This is called an “orthonormal basis” - the trick is starting with an orthonormal basis for the plane - in this case \(u\) and \(v\) - and extending it to the whole space. If you have such a thing, then the projection map is easy to construct: you just take dot products against \(u\) and \(v\): \(Px := \langle x,u \rangle u + \langle x,v \rangle v\). This lies in the plane because it is a linear combination of \(u\) and \(v\), and \(x - Px = \langle x,w \rangle w\) which is orthogonal to the plane. So the question is: “how do we come up with an orthonormal basis for a plane and extend it to the whole space?”. The answer is called the “Gram-Schmidt algorithm”, and it works like this:

Start with ANY basis \(b_1\), \(b_2\), \(b_3\) such that \(b_1\) and \(b_2\) are in the plane (just by solving the equation \(Ax = 0\)). Then iteratively build it up into an orthonormal basis by projecting:

\[ \begin{aligned} u &= \frac{b1}{|b1|} \\ v &= b2 - proj(b2 -> u) = b2 - \langle b2, u \rangle u \\ v &= \frac{v}{|v|} \\ w &= b3 - proj(b3 -> u, v) = \dots \\ w &= \frac{w}{|w|} \\ \end{aligned} \]

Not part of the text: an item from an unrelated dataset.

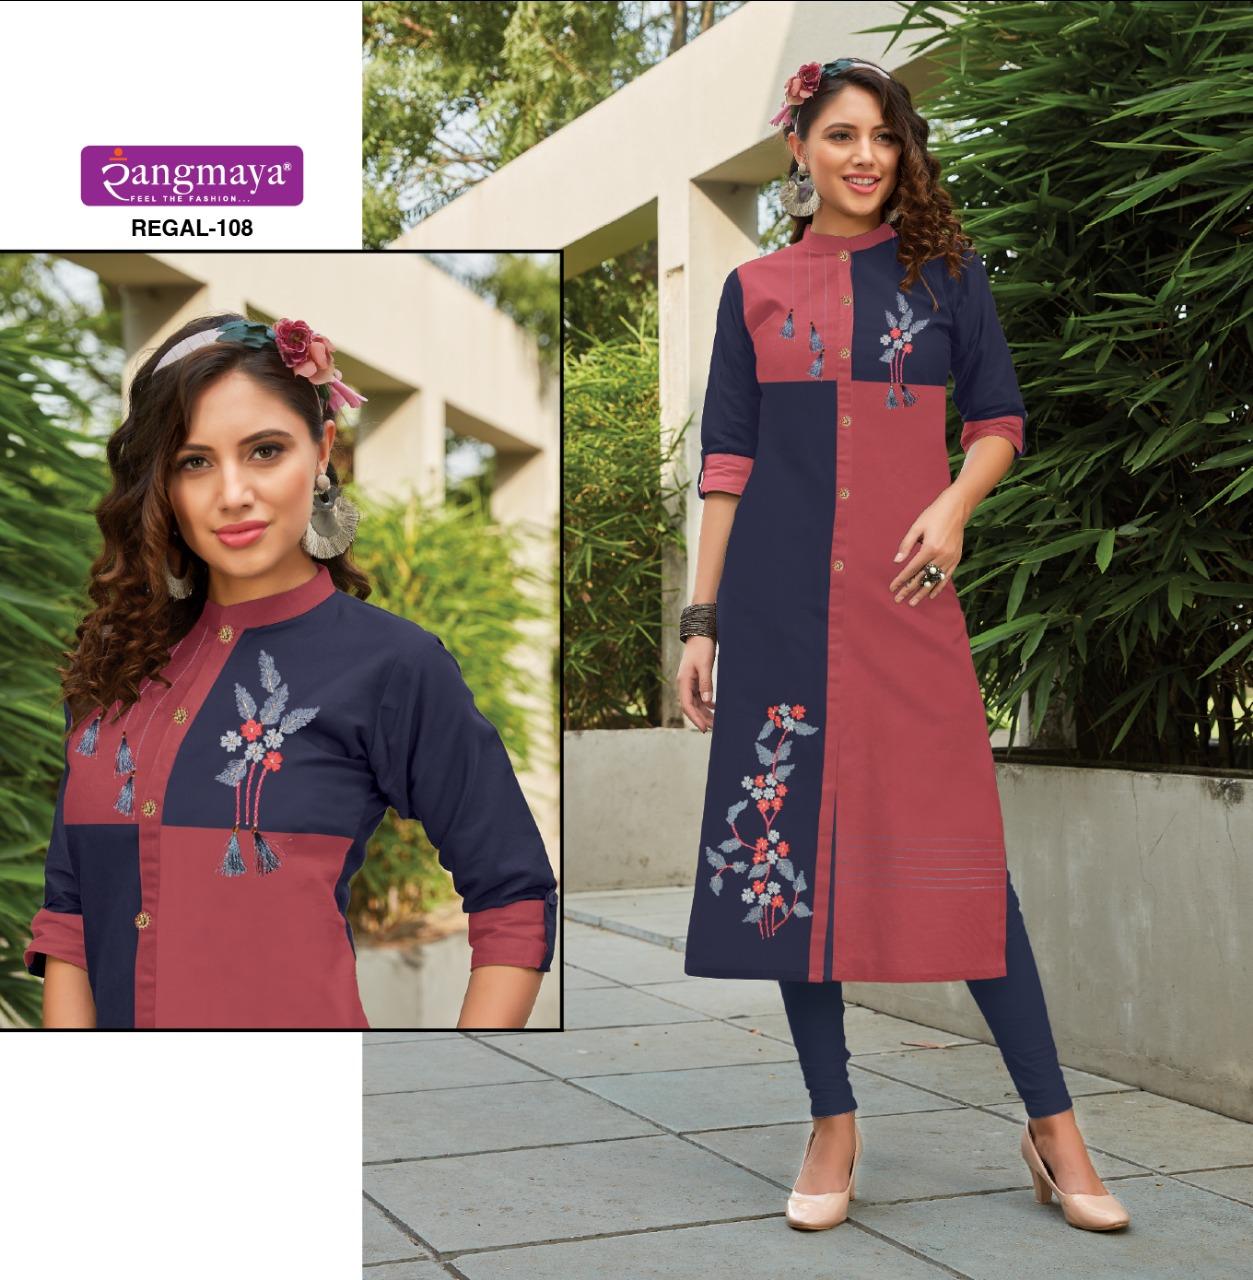 Rangmaya Regal Designer Latest & Western Kurties Wholesale Surat

Now obviously I didn’t compute all that stuff in my solution, and the reason is that the other part of my training taught me that it is more numerically efficient to encode all of this algebra into matrix factorizations. So i went back and googled “which matrix factorizations use the gram-schmidt algorithm” and then pieced together the rest. Thank you for attending my ted talk.

I should try to implement this at some point.